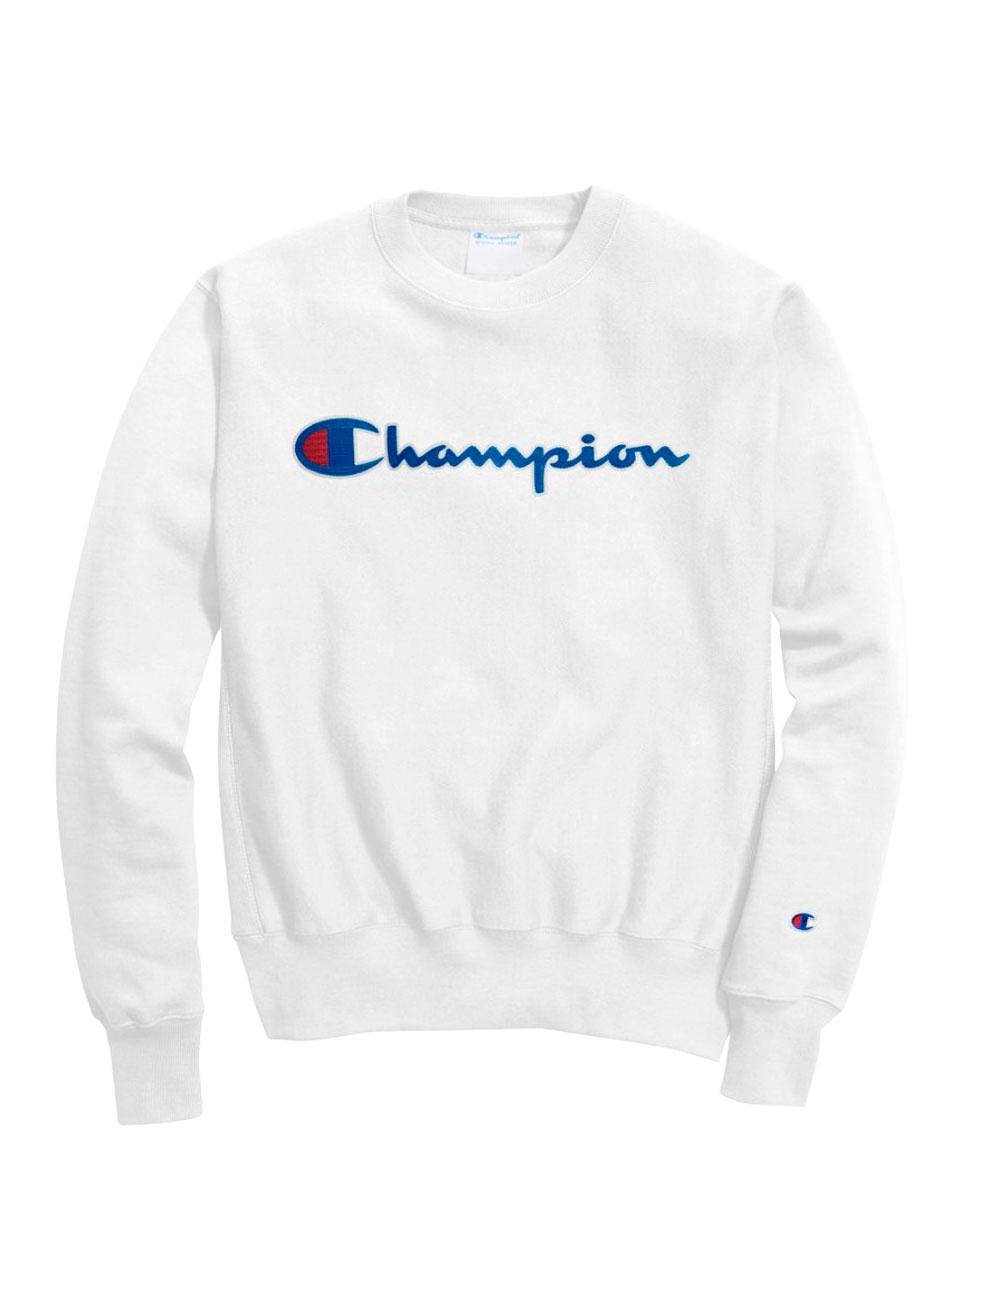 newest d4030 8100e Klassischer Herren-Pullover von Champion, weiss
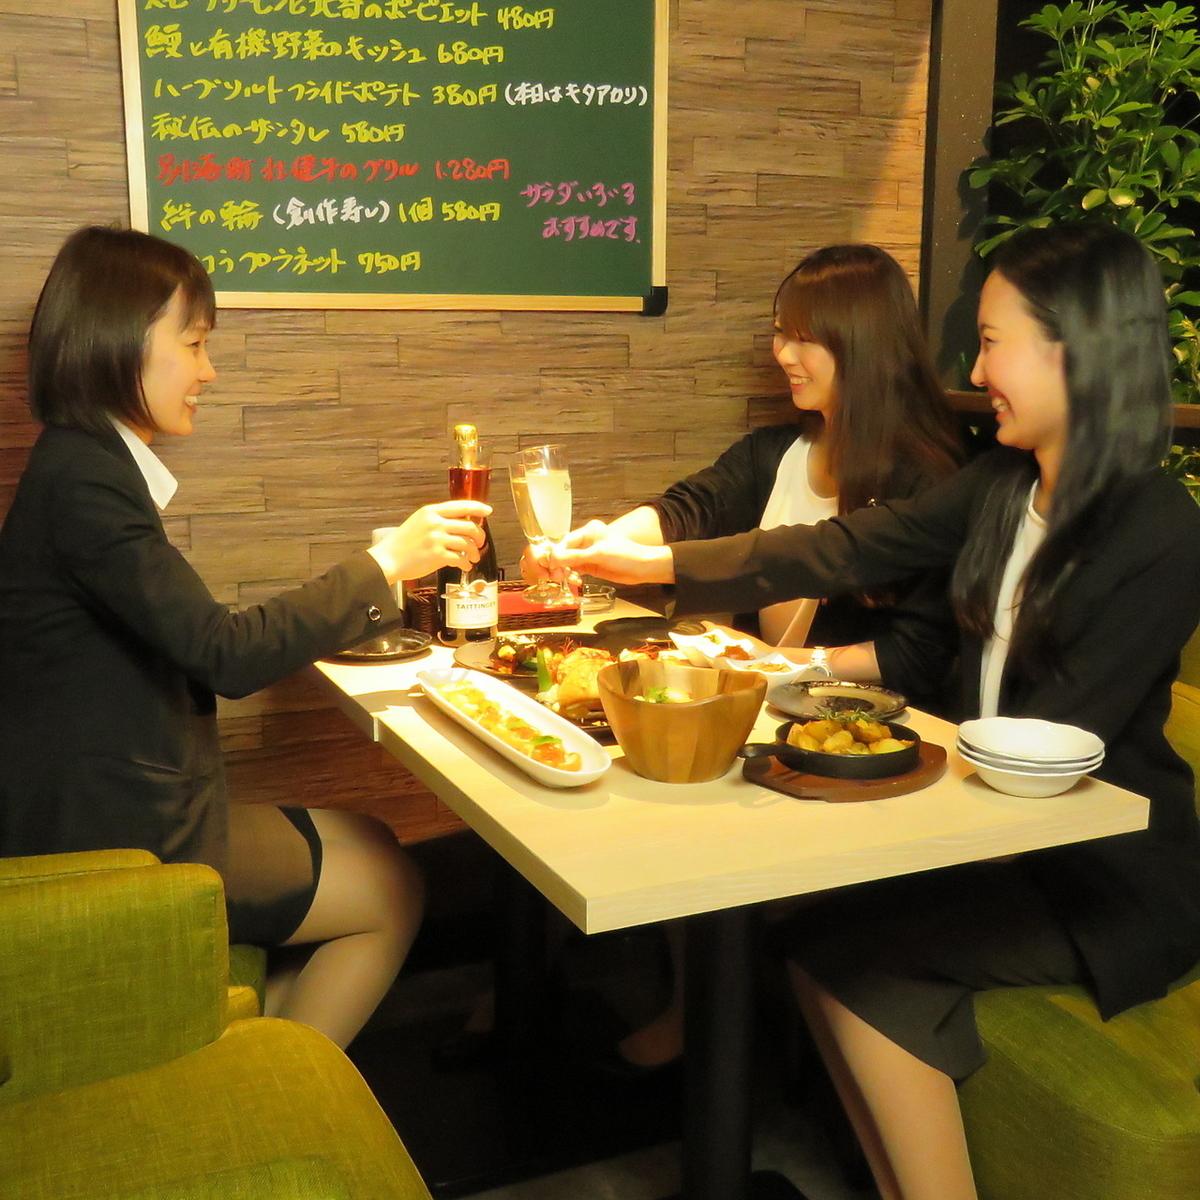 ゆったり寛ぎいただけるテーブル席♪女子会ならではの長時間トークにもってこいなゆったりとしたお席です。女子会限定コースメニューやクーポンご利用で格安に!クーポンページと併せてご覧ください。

______

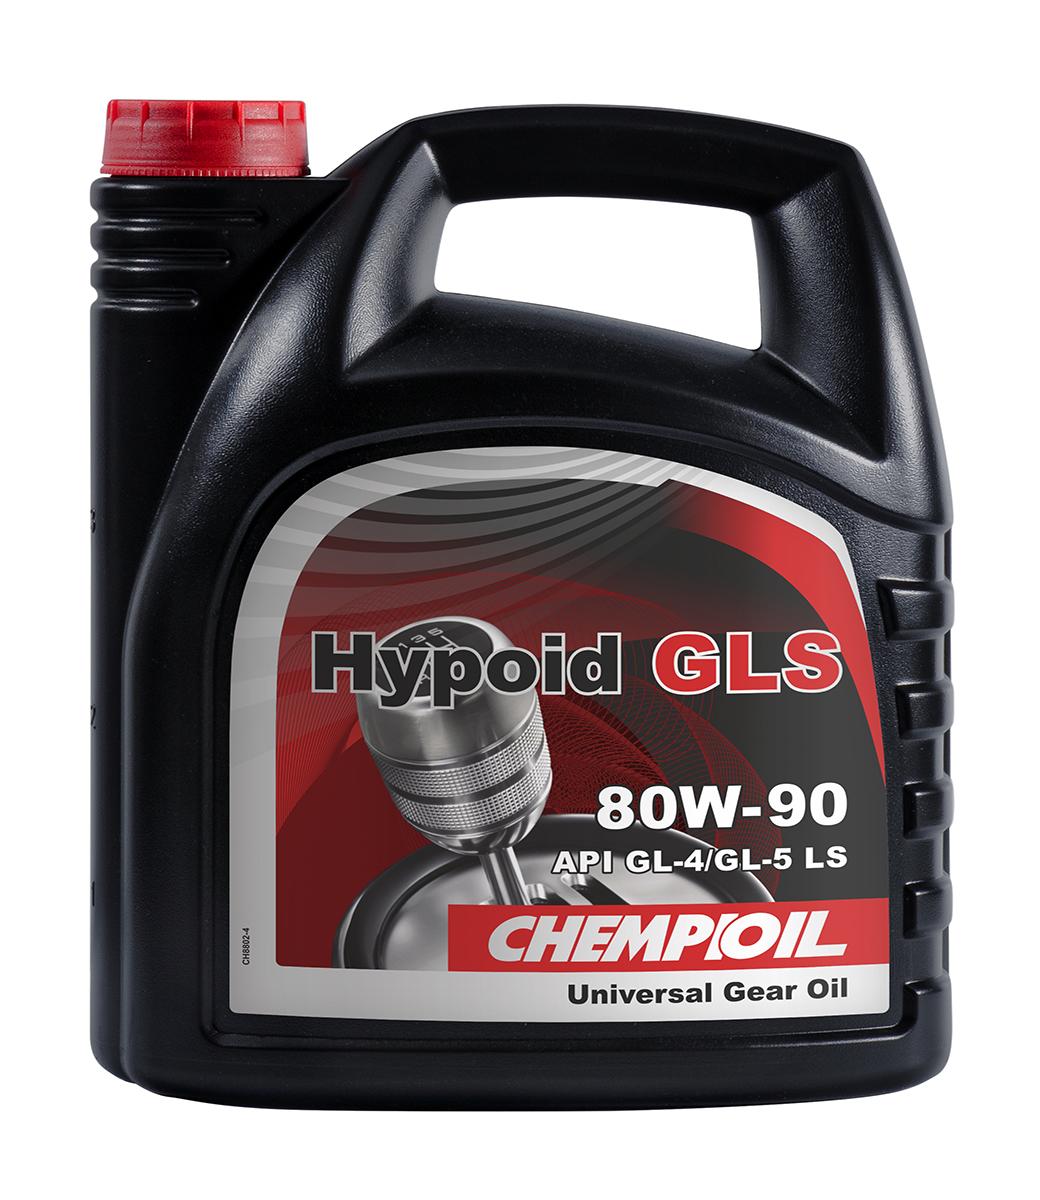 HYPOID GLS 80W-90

______

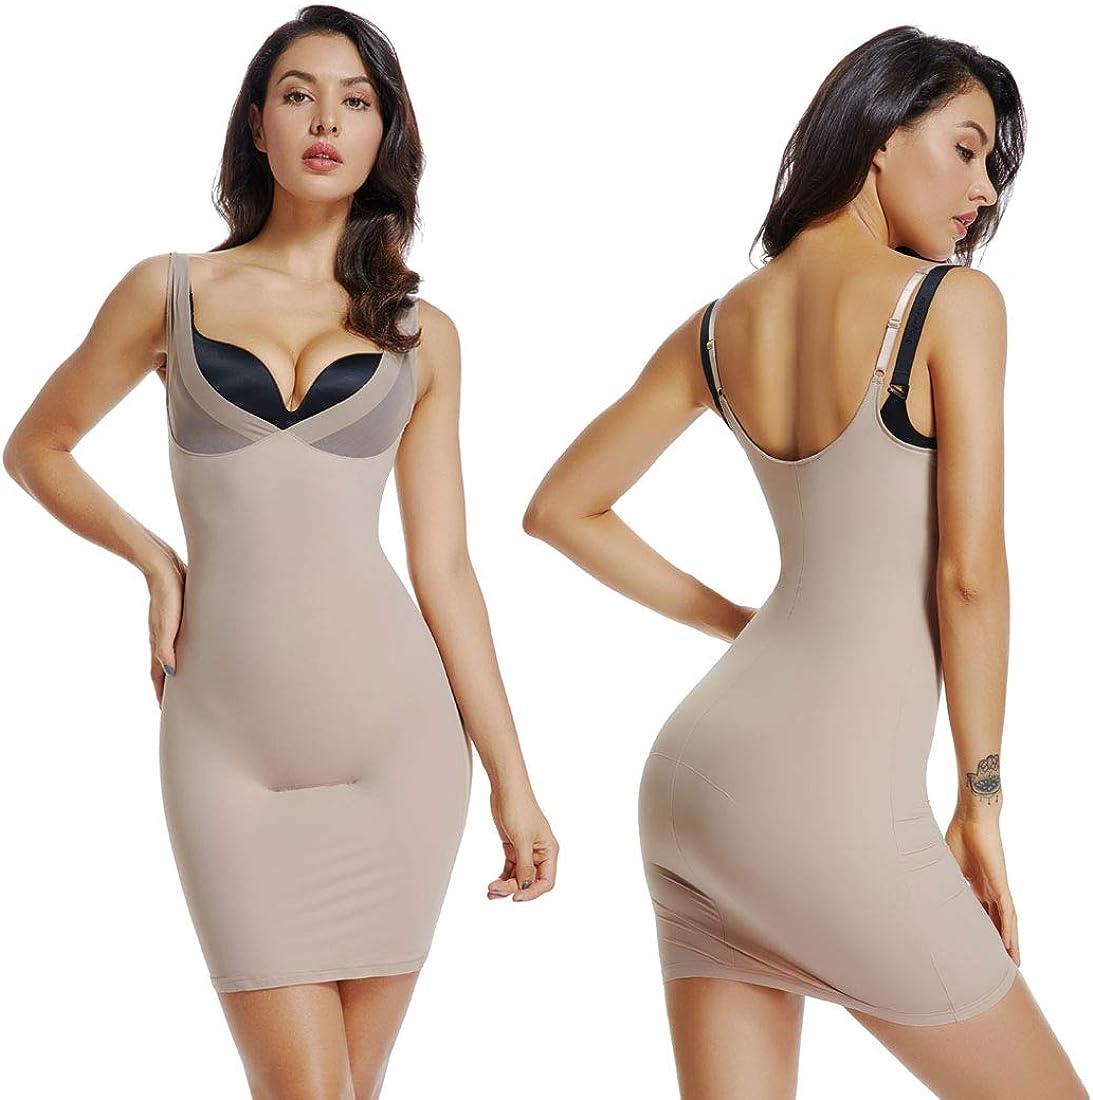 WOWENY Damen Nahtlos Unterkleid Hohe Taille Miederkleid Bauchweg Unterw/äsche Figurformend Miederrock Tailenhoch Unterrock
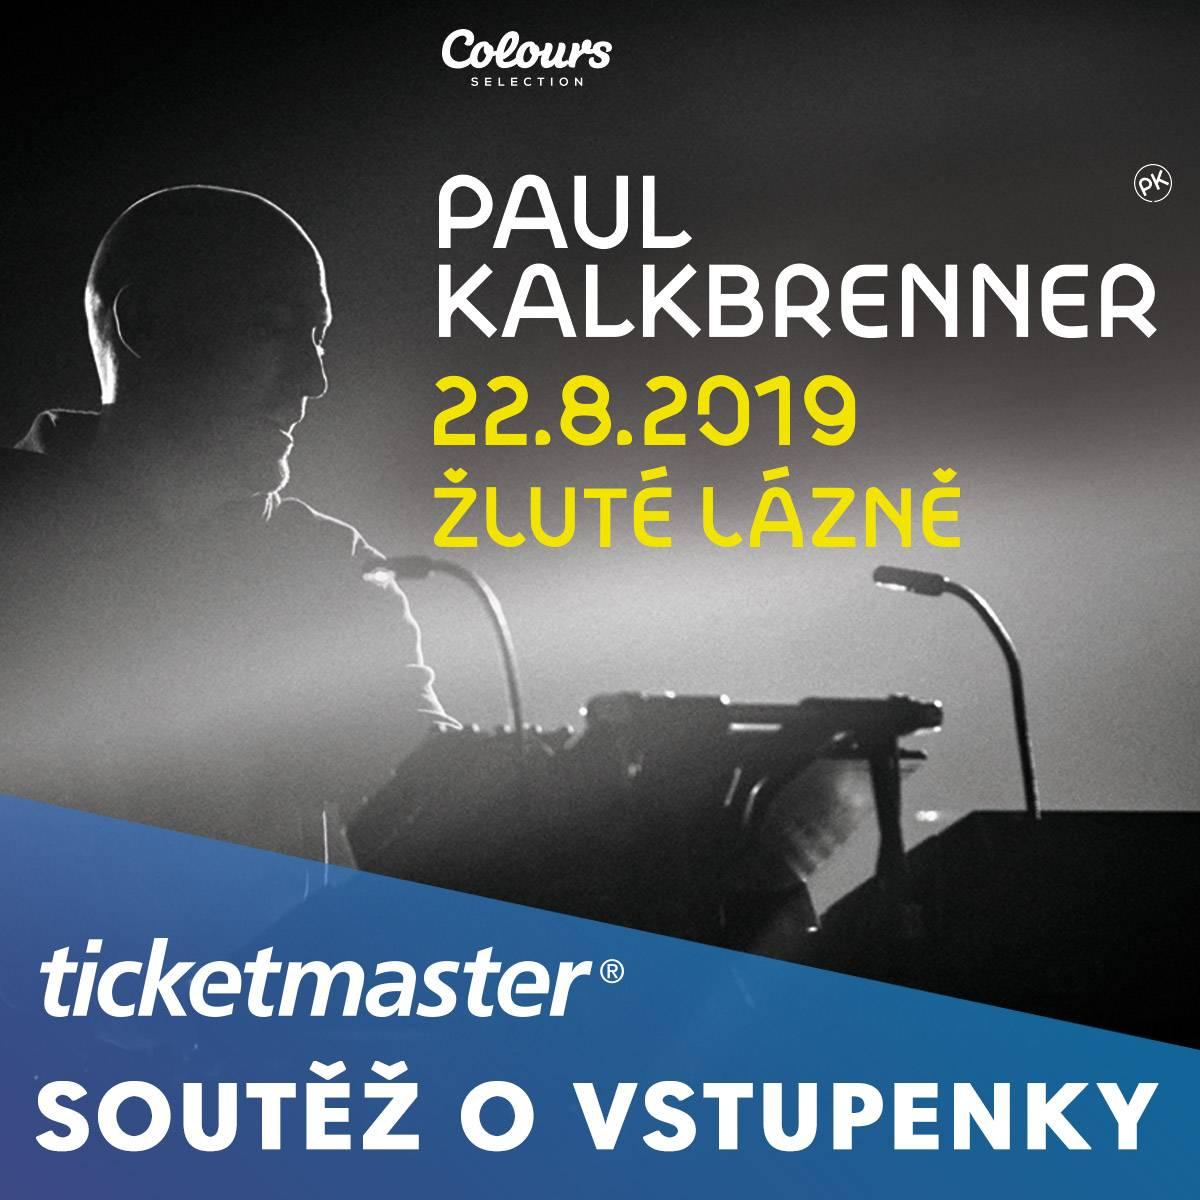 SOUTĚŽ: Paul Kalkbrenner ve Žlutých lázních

______

Look through the listing above for the line with "newest d4030 8100e" and the line with "ゆったり寛ぎいただけるテーブ". Write out exactly those lines and everything between, leaving out pictures.

* Task response *
 newest d4030 8100e Klassischer Herren-Pullover von Champion, weiss
 ゆったり寛ぎいただけるテーブル席♪女子会ならではの長時間トークにもってこいなゆったりとしたお席です。女子会限定コースメニューやクーポンご利用で格安に!クーポンページと併せてご覧ください。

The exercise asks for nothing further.